Provided data:

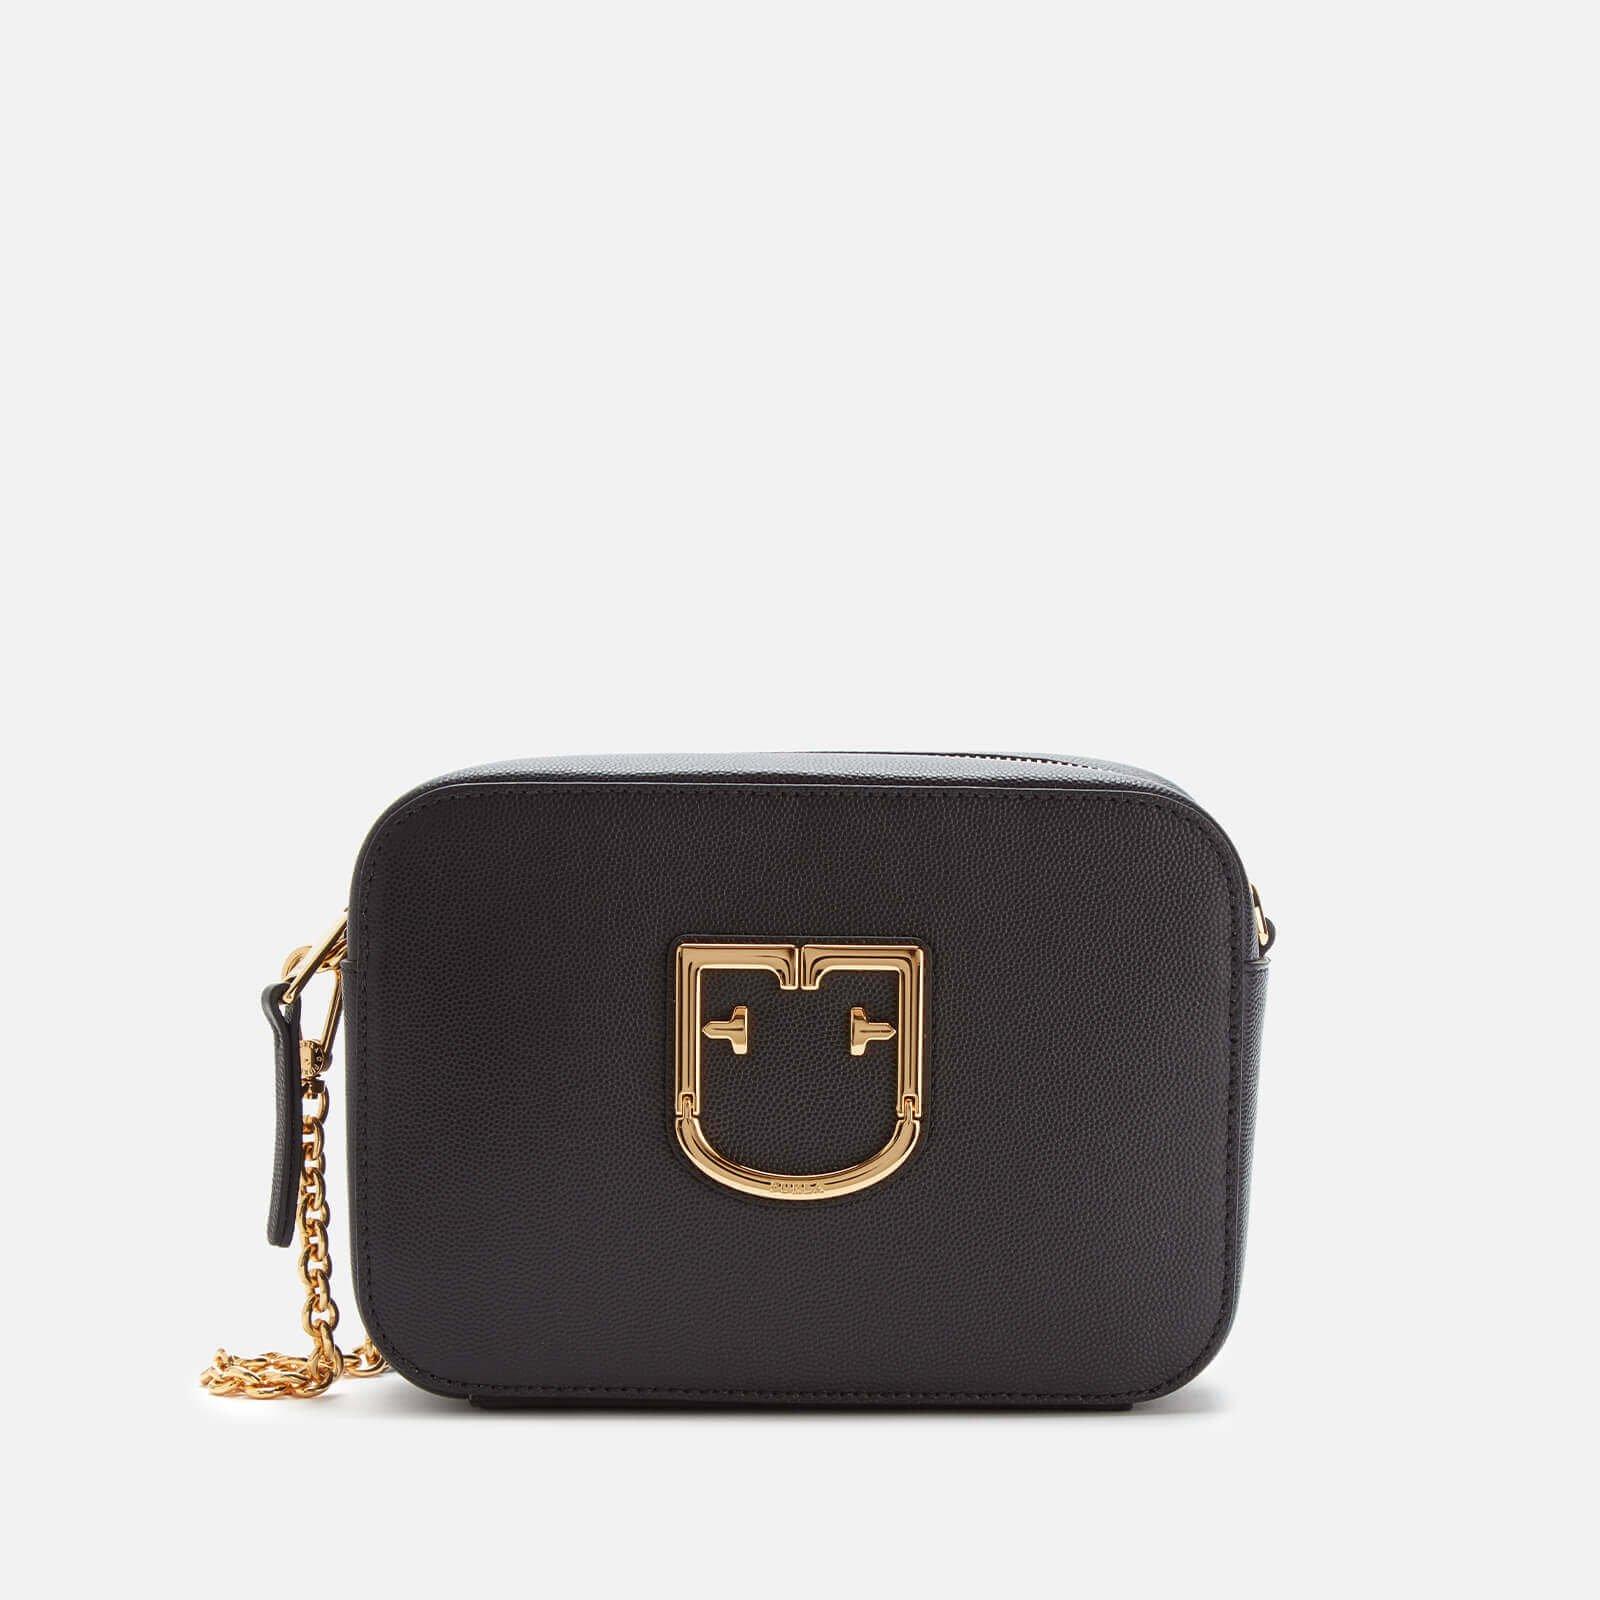 Furla Women's Brava Mini Cross Body Bag
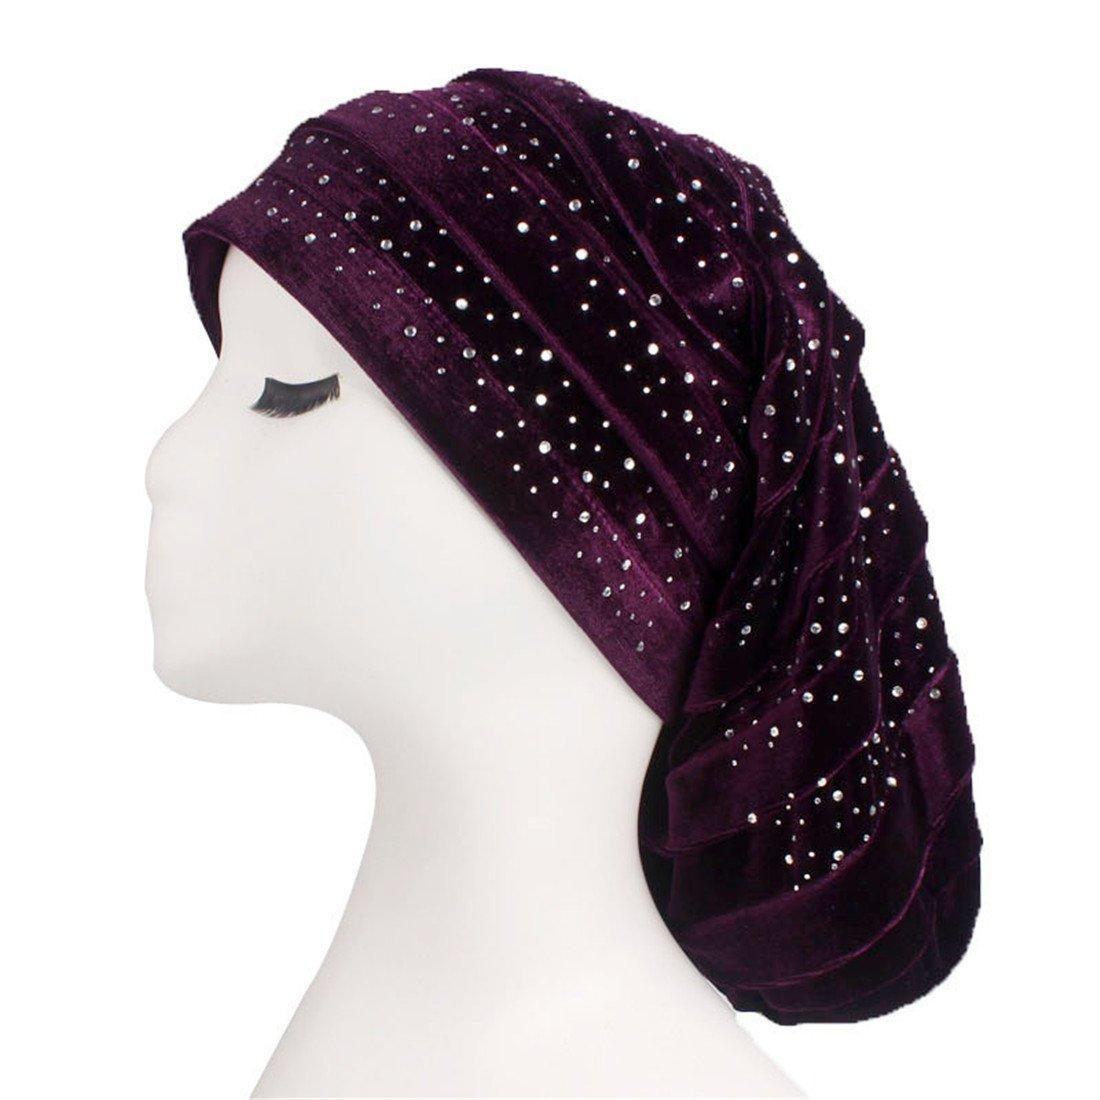 Qhome Diamante Velvet Ruffle Turban Dreadlock Sleeping Cap Baggy Hat for Hair Loss Women Headwrap Slouch Caps Headwear Hijabs
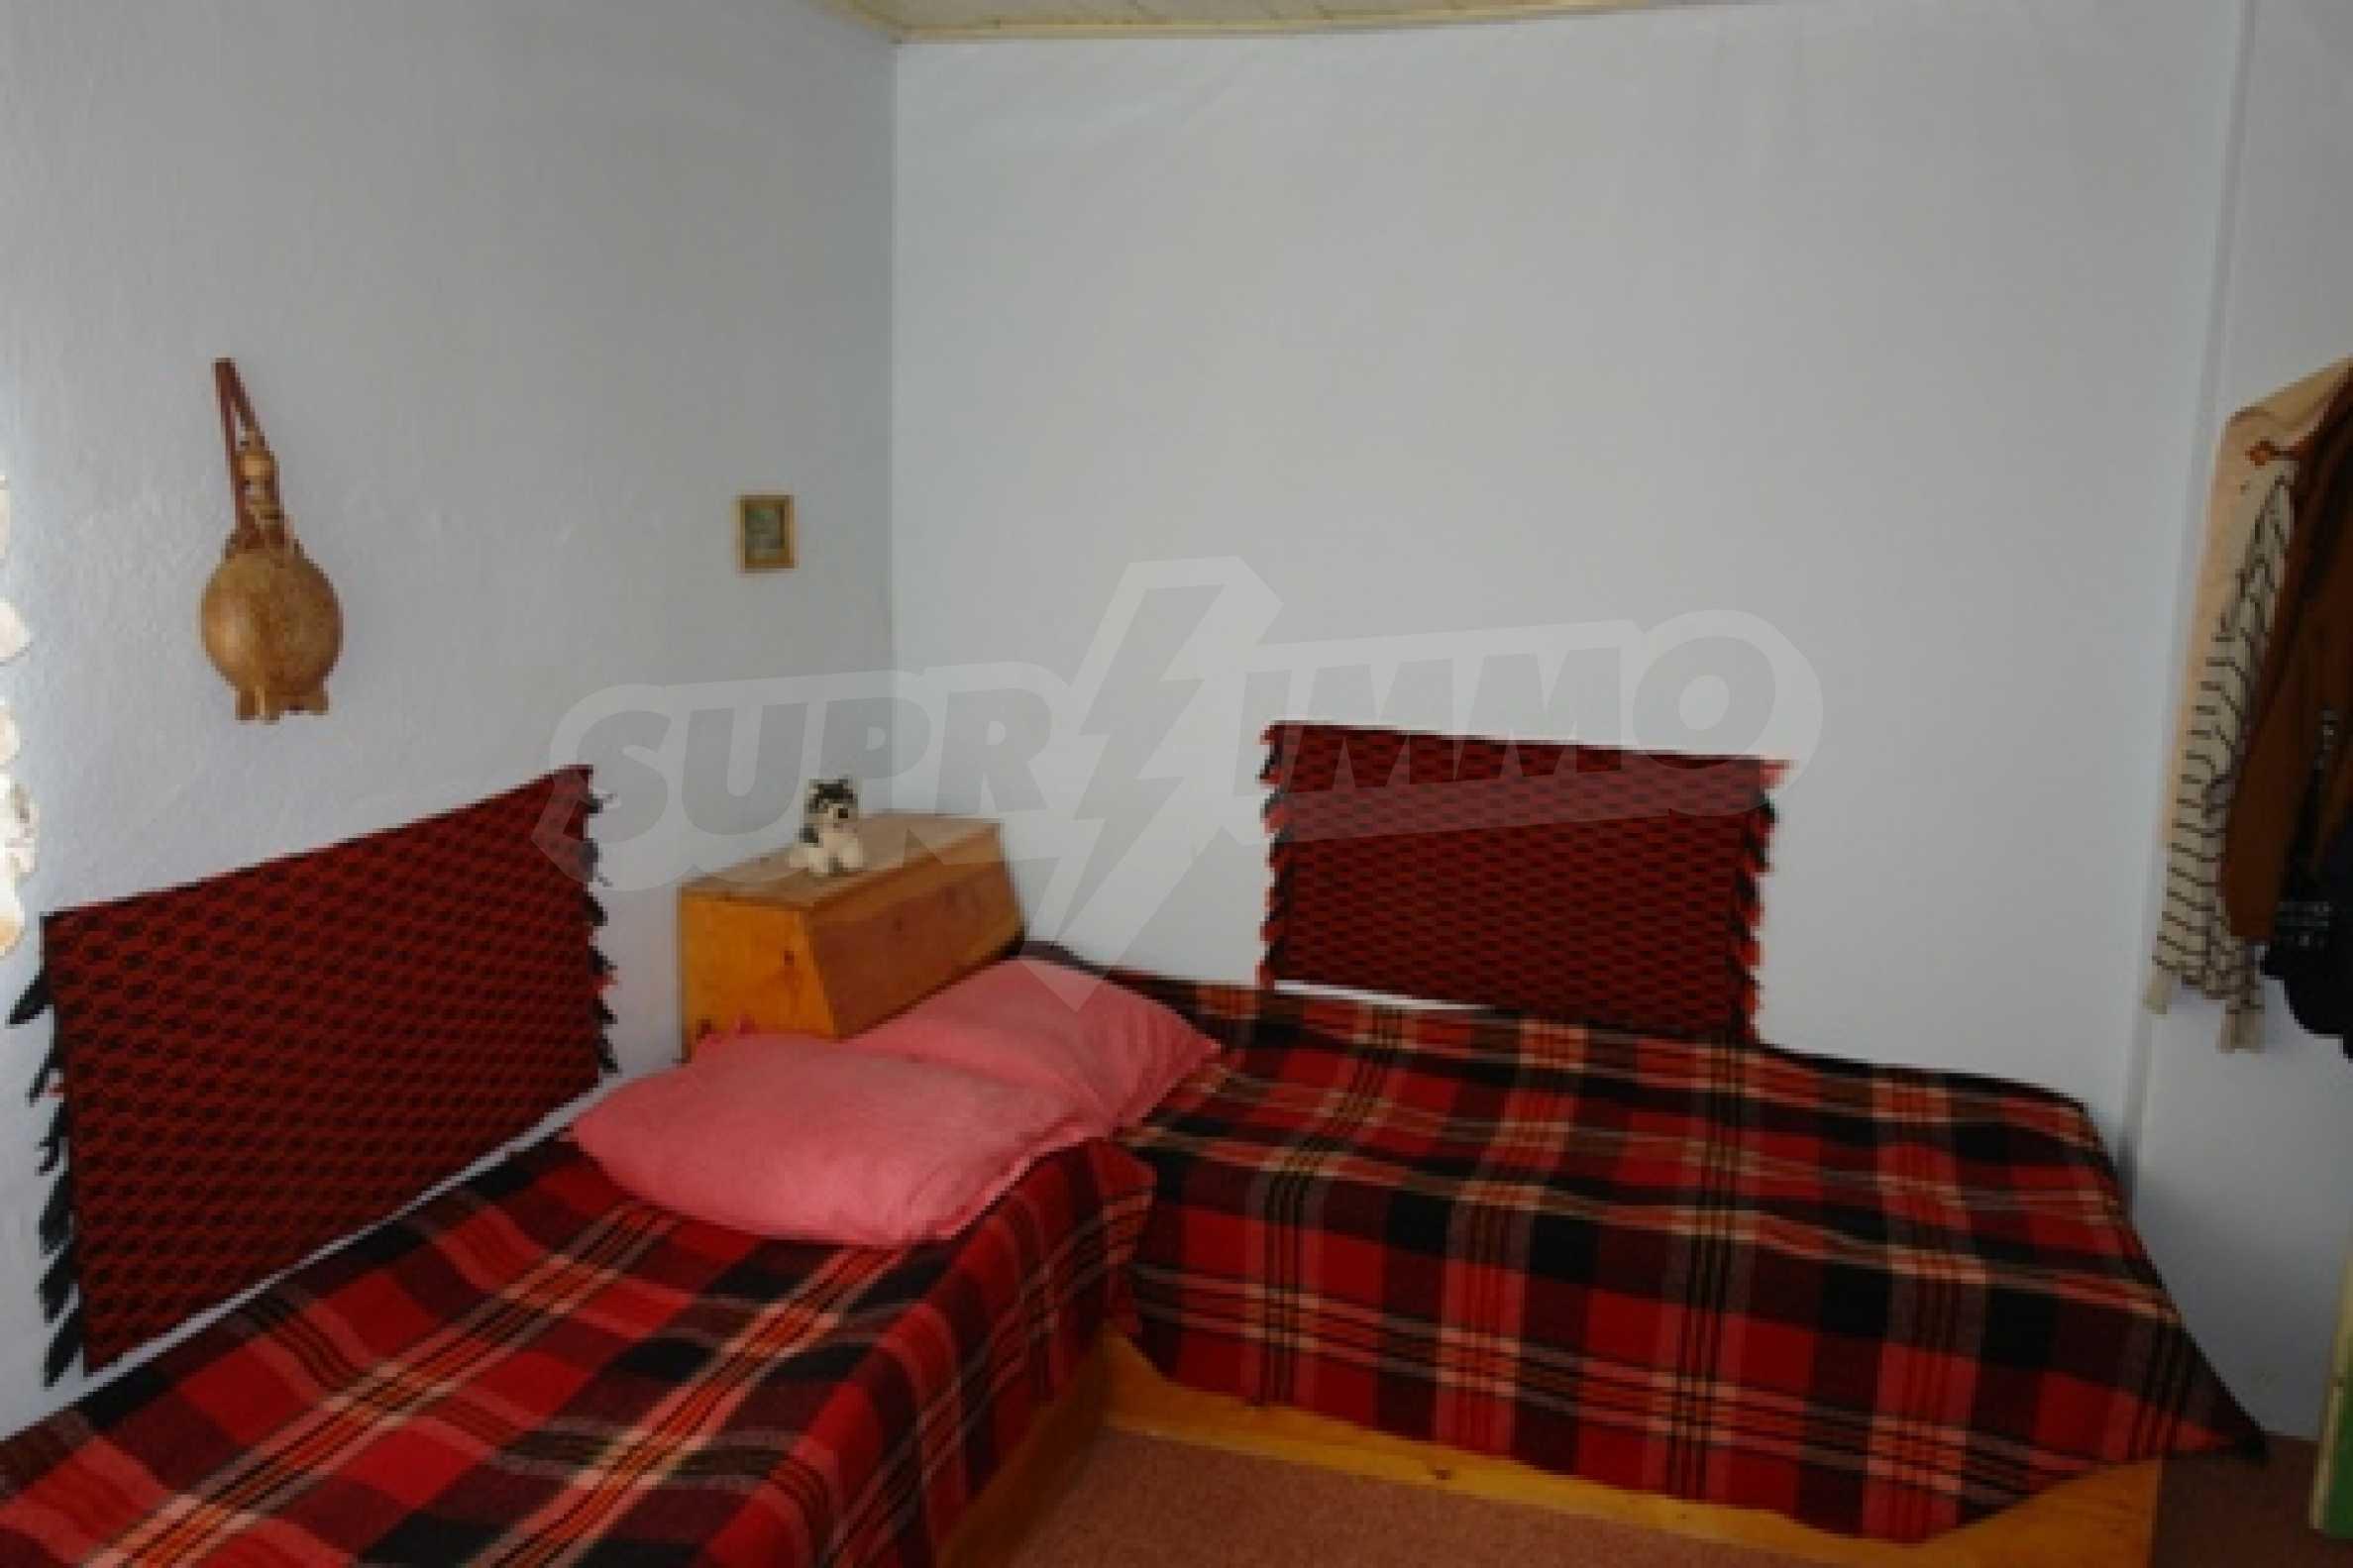 Spacious two-storey 4-bedroom house in Trastenik village, Ruse district 5

Problem: Where a picture appears, skip it; repeat everything else in the data exactly.

Response to the exercise:
 Furla Women's Brava Mini Cross Body Bag
 Qhome Diamante Velvet Ruffle Turban Dreadlock Sleeping Cap Baggy Hat for Hair Loss Women Headwrap Slouch Caps Headwear Hijabs
 Spacious two-storey 4-bedroom house in Trastenik village, Ruse district 5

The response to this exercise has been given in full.